Moonsoul

This is metaphorical. Perhaps if we felt more deeply the impact left behind, as we move in and out of relationships, of any kind — maybe we would conduct ourselves differently.

 

This day
I come upon a stranger
standing by the road
looking sad

heavy box held in her arms
clutched close to her breast

she stares into my eyes
expressionless

her gaze stops me still
fixes me in place

her face
tired and drawn
any light in her eyes
is gone

I draw close enough to see
a vague familiarity

she lifts her eyes to mine
and deeply sighs

before you ask
I am sworn
a sorrowful task
a collector of tears
shed in moonlight
tears caused by one
who‘s not contrite
guilty of love’s betrayal
who’s inflicted painful strife
and staggering sorrow
into another’s broken life

she concludes
and offers out her hands
that open on the box

filled with apprehension
I reach and grasp the case
lift it cautiously from her grip
lower it to my feet
gently as I place

opening it slowly
hesitant and tense
to reveal its strange contents

a small dull crescent moon shape
suspended in a most beautiful
dark cerulean jar

mute with wonder
I behold
staring into the beautiful blue
haunted as I do

this is yours
she explains
it is the moonsoul
of the loversmoon
under which you fell in love
and under which again
you later broke your lover’s heart

she continues

every moon casts its spell
quite differently
this special loversmoon
belonged to you and she
but now this loversmoon has died

I am the shadow
of your lover’s sorrows
I will be gone tomorrow
but this night
I visit you

I collected this moonsoul
long ago
the night you broke her heart

kept in this jar of cerulean blue
I present it now to you
for you see
your lover’s soul
has passed on
she is gone
she need no longer carry
this heavy burden

she was a technicolor
wish-upon big-eyed dreamer
when first you met her
but she was cry-alone
stay-at-home broken
when you turned and left her

you are guilty
of the death
of the love you shared
snuffed by your cheating ways
now you must carry this moonsoul
until your end of days

her words fall heavy upon me
bring tears to my eyes
as I realize
the burden of this moonsoul
is mine beyond the grave
there is no one who can save
me from this awful plight
a pain that’s mine by right

eyes lowered in fatigue
forlornly
she sighs
and gently cries

it was on a moonlit night
like this
the painful burden
of this moonsoul
was set upon her broken heart
I have carried it
since she passed
but for too long

it’s now come to you
at last

looking into my eyes
as though my dark soul she can see
she points accusingly at me

you must now atone
for your destructive lies
for your lover’s broken heart

it is written
in the fool’s book of sorrows
what were her yesterdays
will now be your tomorrows

now you must bend and lift
and clutch this burden to your breast
to struggle with its weight
to feel its sad unrest

you now understand
what was your abandoned lover’s fate
your debt can no longer wait
the guilt that surrounds this moonsoul
the guilt you’ve avoided ‘til tonight
is now brought into the light

karma has caught up with you
as eventually it does
for the hurtful things we do

you slowly slayed
your special loversmoon
those times you were untrue

your lover’s been set free
now this guilt and sorrow
passes on to you
where certainly it should be
it’s now you must feel sad
and deeply sorry too

*
rob kistner © 2022

Poetry at: The Sunday Muse

 

16 thoughts on “Moonsoul”

  1. These reach deep into their respective stories and limn the sadness left in the wake of chasing after something (anything?) more/better/different than what you have. The confrontations of choice can hurt.
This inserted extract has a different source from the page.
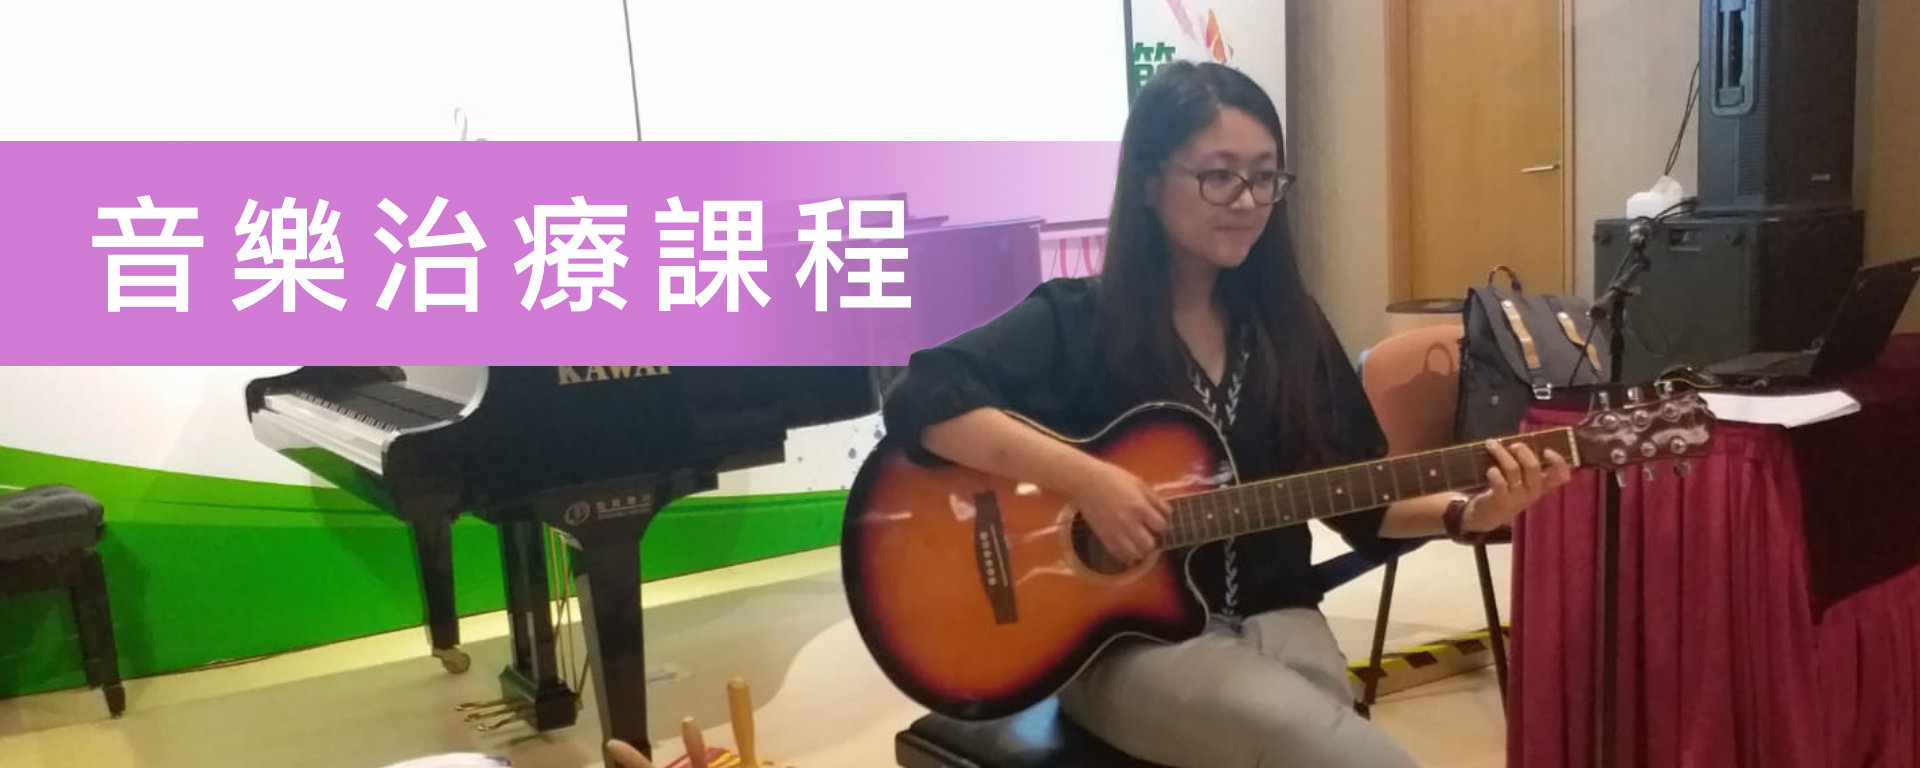 音樂治療課程 – 香 港 音 樂 教 育 家 協 會 | Hong Kong Association for Music Educators

    1. This is metaphorically representative Chrissa. Too many people move in and out of relationships, no matter what the nature is, without any thought to what impact they leave in the wake of that relationship. Perhaps if people could feel more deeply the impact they leave behind, maybe people would conduct themselves differently.

  2. No second chance for a “B” like him. I relate to this, Rob, liked it a lot. I was in your lass’s place, she fell for a student’s line.
    Second marriage was skeptical for me, that finally ended and wev’e been married 49 years now.
    ..

  3. to struggle with its weight
    to feel its sad unrest

    Love this assertion Rob! How true it is! One will eventually be in a situation defensive in nature that it might have a hold so strong to affect life itself!

    Hank

    1. Thank you much Helen. I got drawn in, as the image prompts unfolded this tale for me — couldn’t stop ‘til I reached the end. Also Helen, again, I am so sorry for the loss of Bev. I will miss her too. She had a vital creative spirit.